Meski demikian, Pramono mengakui bahwa pemotongan DBH akan berdampak pada rekrutmen penyedia jasa lainnya perorangan (PJLP) pada tahun 2026. Menurutnya, jumlah PJLP yang direkrut tahun depan akan dikurangi seiring dengan berkurangnya dana tersebut.
Gaji ASN Tetap Stabil, Rekrutmen PJLP Terpengaruh
“Tidak ada hal yang berkaitan dengan ASN terkait pemotongan DBH,” ujar Pramono. Ia melanjutkan bahwa yang paling terdampak adalah PJLP. Contohnya, pada sektor pemadam kebakaran (damkar) yang selama ini merekrut sekitar 1.000 personel, serta pasukan orange dan pasukan putih yang jumlahnya masing-masing 1.100 dan 500 orang.
“Dengan adanya pengurangan dana ini, peluang rekrutmen PJLP pada tahun depan kemungkinan akan berkurang,” ujarnya.

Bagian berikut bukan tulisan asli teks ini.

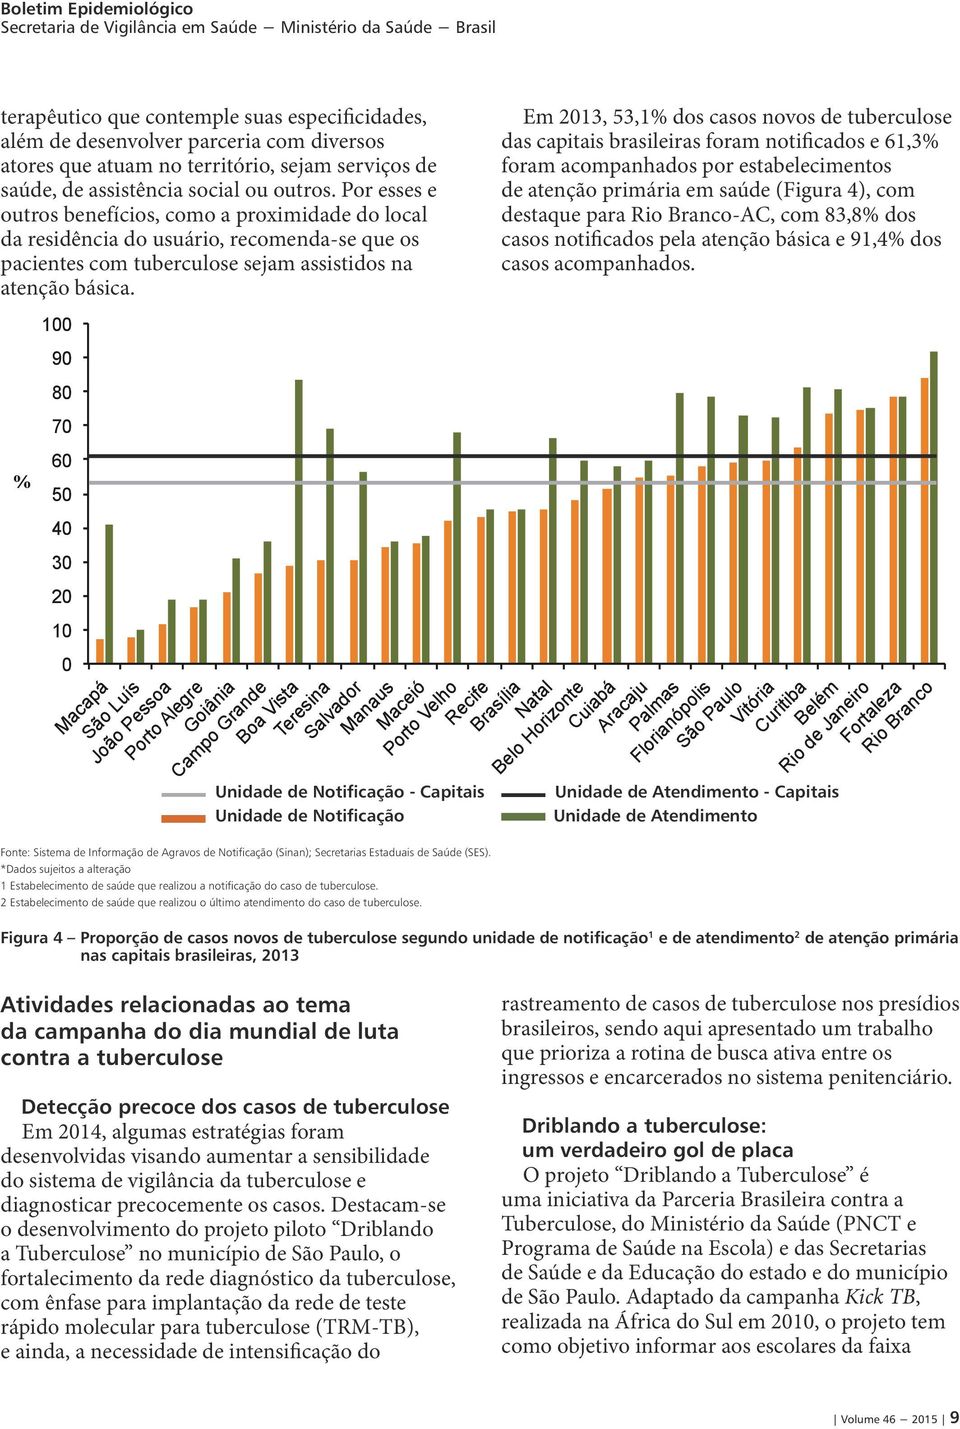 Em 2013, 53,1% dos casos novos de tuberculose das capitais brasileiras foram notificados e 61,3% foram acompanhados por estabelecimentos de atenção primária em saúde (Figura 4), com destaque para Rio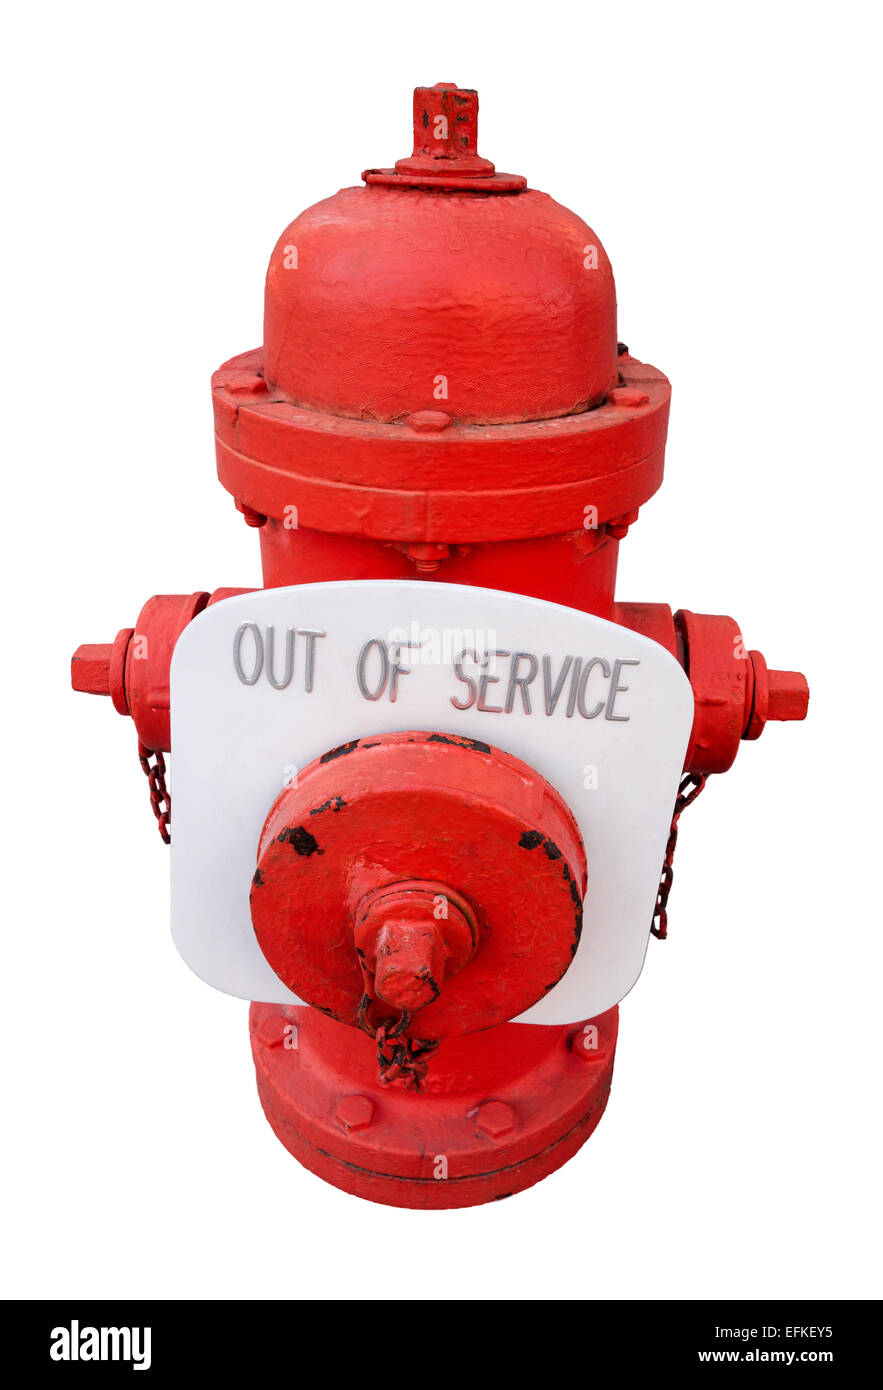 Rot uns Hydranten mit aus Service-Zeichen; funktioniert nicht, gebrochen, unsicher, unzuverlässig Feuer-Stecker. Sicherheitsproblem, Sorge. Stockfoto

Namun, ia menegaskan bahwa pada tahun 2025, belum ada perubahan dalam rekrutmen ataupun gaji PJLP maupun ASN.
Dialog Pramono dengan Menteri Keuangan Bahas DBH
Sebelumnya, Gubernur DKI Jakarta Pramono Anung menggelar pertemuan dengan Menteri Keuangan Purbaya Yudhi Sadewa di Balai Kota. Salah satu topik utama diskusi adalah penyesuaian dana bagi hasil untuk DKI Jakarta.
“Hari ini kami berdiskusi hampir satu jam. Fokus utama adalah menyelaraskan kebijakan fiskal yang diambil pemerintah pusat, terutama terkait pengaturan DBH,” kata Pramono usai pertemuan.
APBD DKI Disesuaikan dan Pendanaan Kreatif Jadi Solusi
Meski terjadi pemotongan DBH, Pemprov DKI tidak keberatan dan berkomitmen menyesuaikan Anggaran Pendapatan dan Belanja Daerah (APBD). Dari sebelumnya Rp 95 triliun, APBD akan direvisi menjadi sekitar Rp 79 triliun.
Untuk menutupi kekurangan dana, Pemprov Jakarta mengajukan izin kepada Kementerian Keuangan agar bisa melakukan creative financing. Salah satu langkah yang diusulkan adalah pembentukan Jakarta Collaboration Fund serta penerbitan obligasi daerah yang belum pernah dilakukan sebelumnya.
“Kami meminta izin kepada Kementerian Keuangan untuk menyetujui pembiayaan kreatif ini, termasuk obligasi daerah dan sebagainya,” jelas Pramono.